SUPPLIED MATERIAL ::
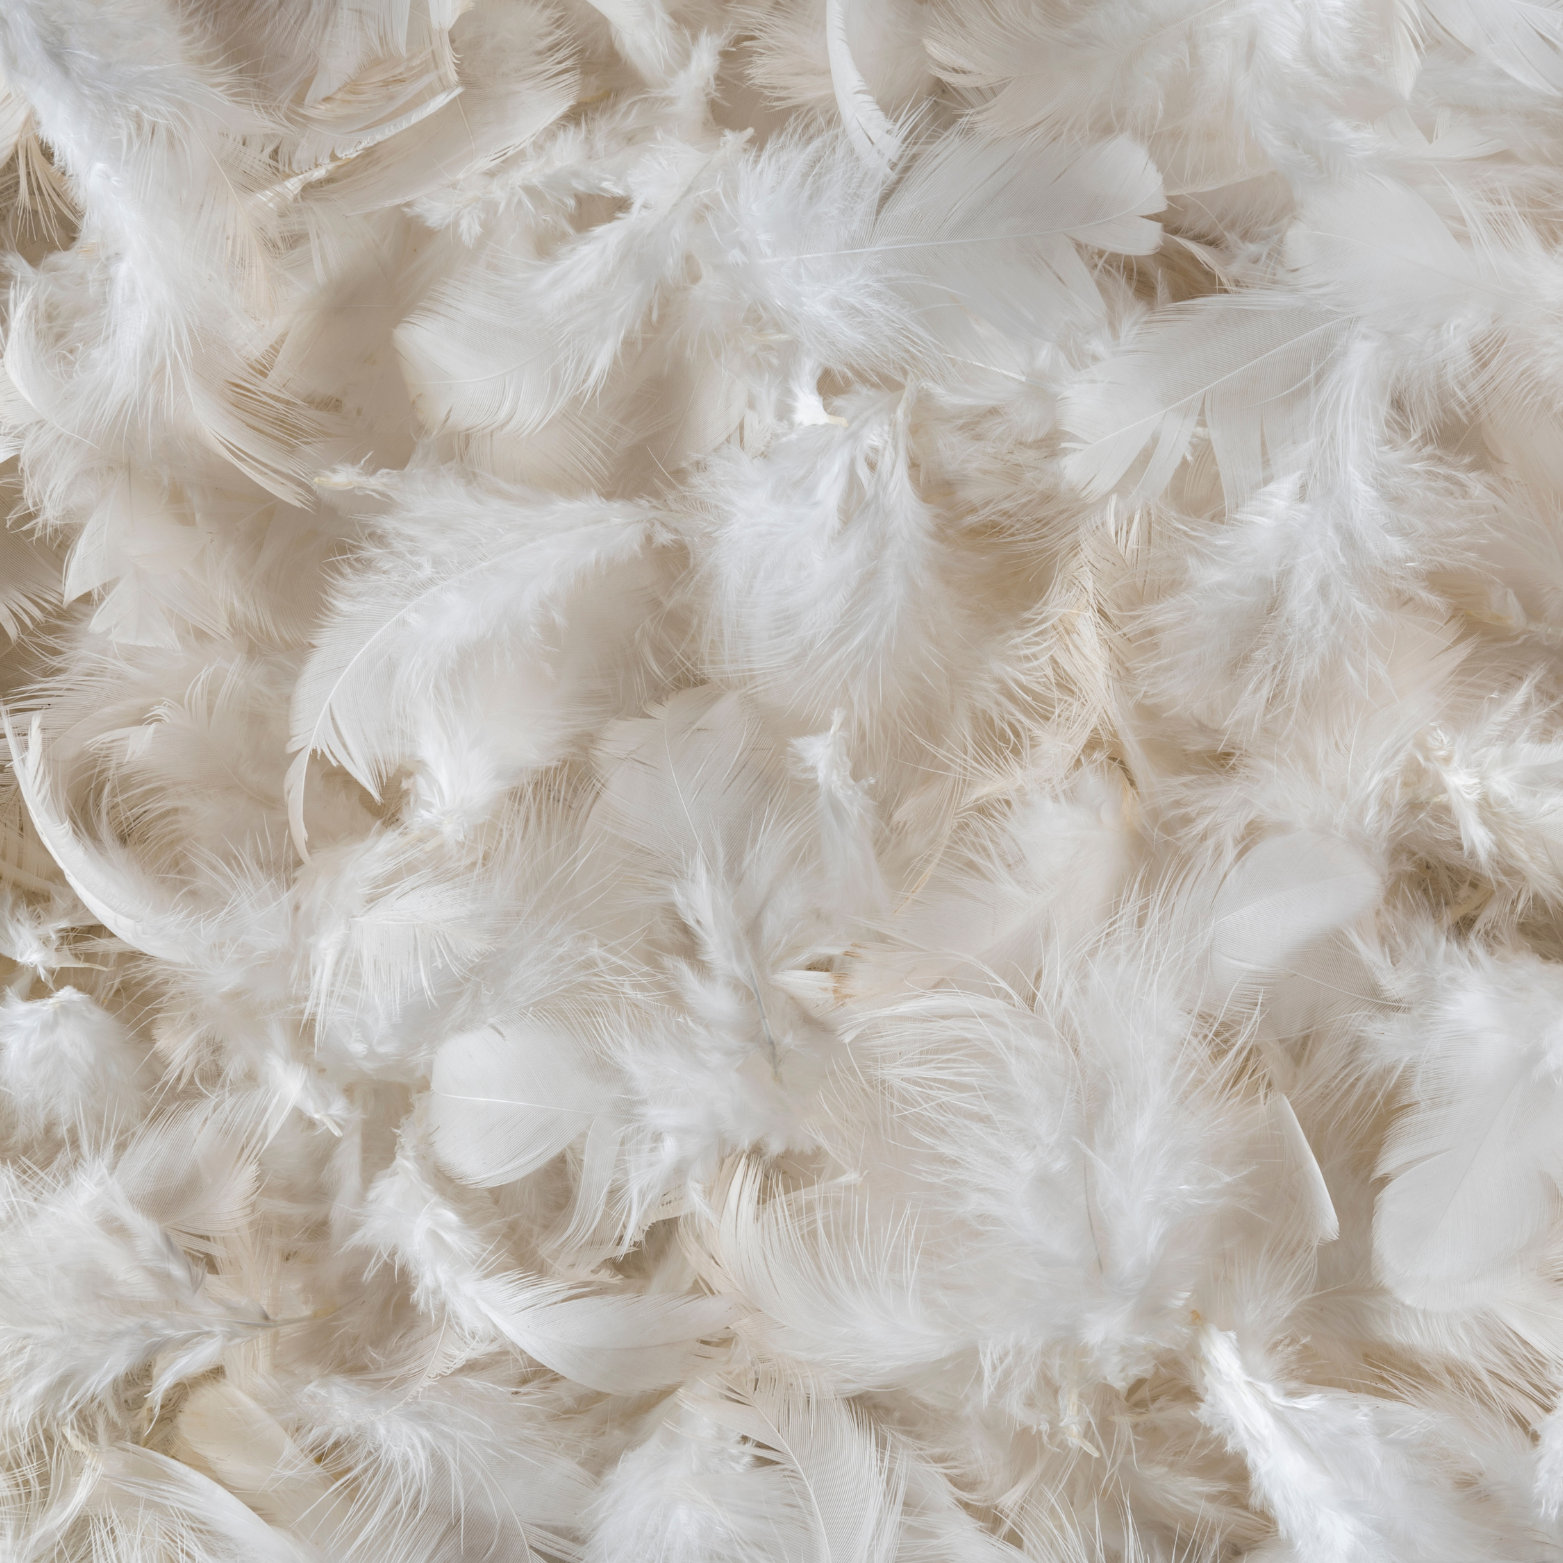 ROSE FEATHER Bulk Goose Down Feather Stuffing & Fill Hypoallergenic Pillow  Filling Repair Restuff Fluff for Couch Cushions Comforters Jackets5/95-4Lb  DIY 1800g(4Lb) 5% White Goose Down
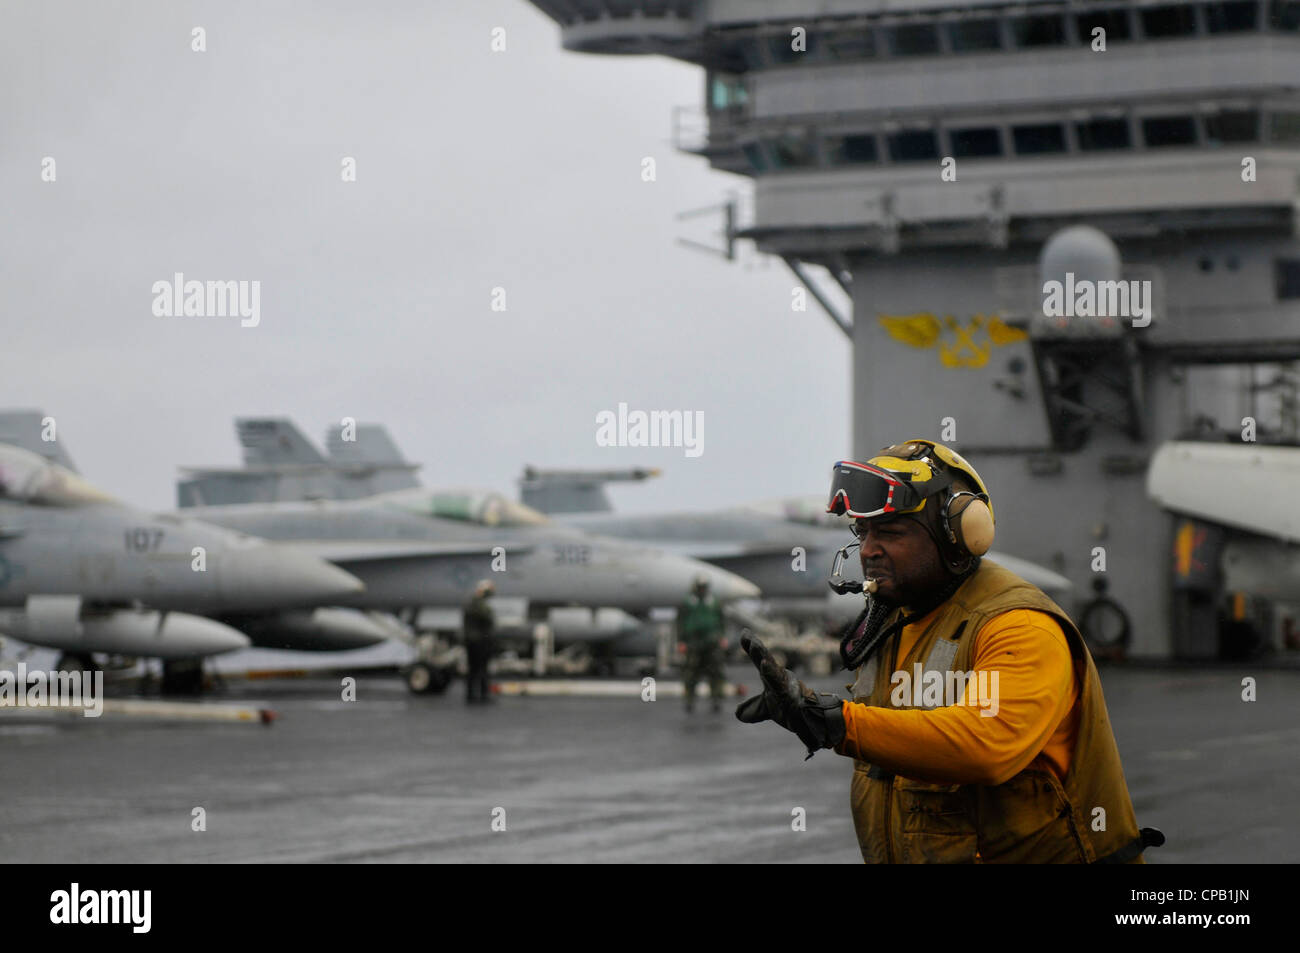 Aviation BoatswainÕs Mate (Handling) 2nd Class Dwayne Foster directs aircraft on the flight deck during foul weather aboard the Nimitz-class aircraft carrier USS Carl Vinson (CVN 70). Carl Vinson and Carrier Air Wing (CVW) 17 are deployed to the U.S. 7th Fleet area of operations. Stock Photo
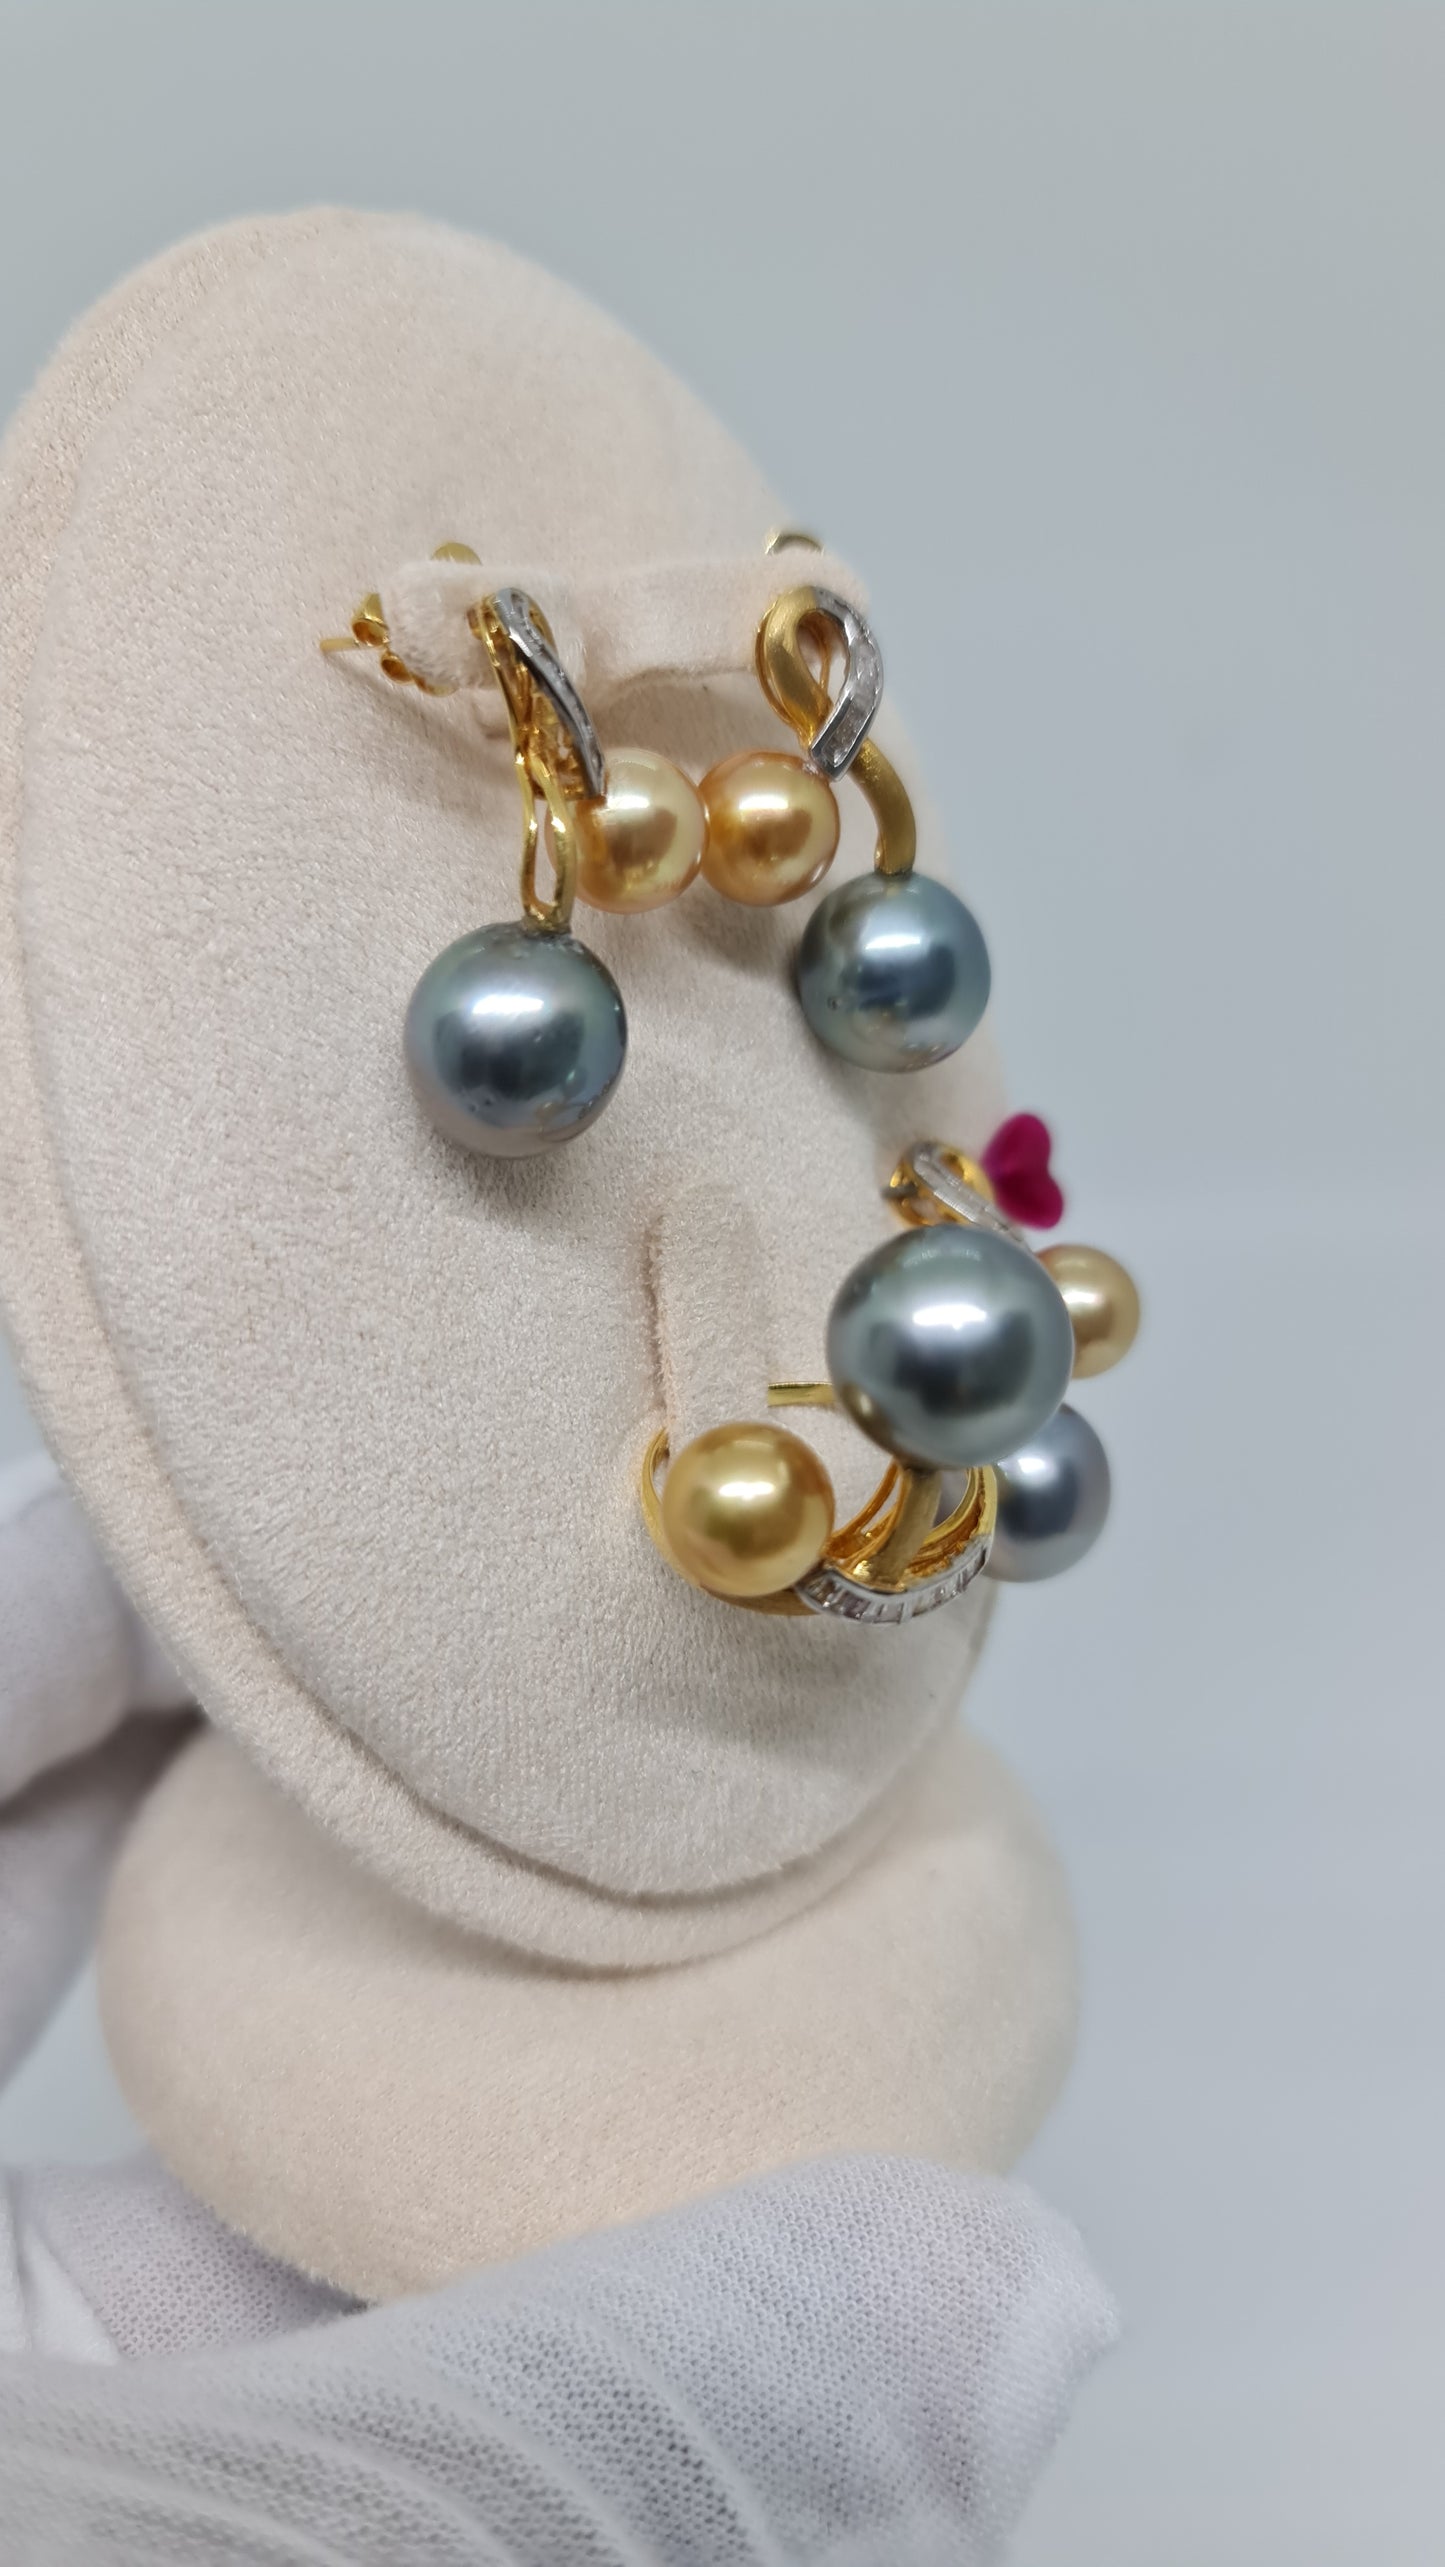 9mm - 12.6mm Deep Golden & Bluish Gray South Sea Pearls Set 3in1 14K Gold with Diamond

TASK STATEMENT ::
Retype the whole listing, keeping every line identical and omitting all pictures.

ANSWER SPACE ::
 ROSE FEATHER Bulk Goose Down Feather Stuffing & Fill Hypoallergenic Pillow  Filling Repair Restuff Fluff for Couch Cushions Comforters Jackets5/95-4Lb  DIY 1800g(4Lb) 5% White Goose Down
 Aviation BoatswainÕs Mate (Handling) 2nd Class Dwayne Foster directs aircraft on the flight deck during foul weather aboard the Nimitz-class aircraft carrier USS Carl Vinson (CVN 70). Carl Vinson and Carrier Air Wing (CVW) 17 are deployed to the U.S. 7th Fleet area of operations. Stock Photo
 9mm - 12.6mm Deep Golden & Bluish Gray South Sea Pearls Set 3in1 14K Gold with Diamond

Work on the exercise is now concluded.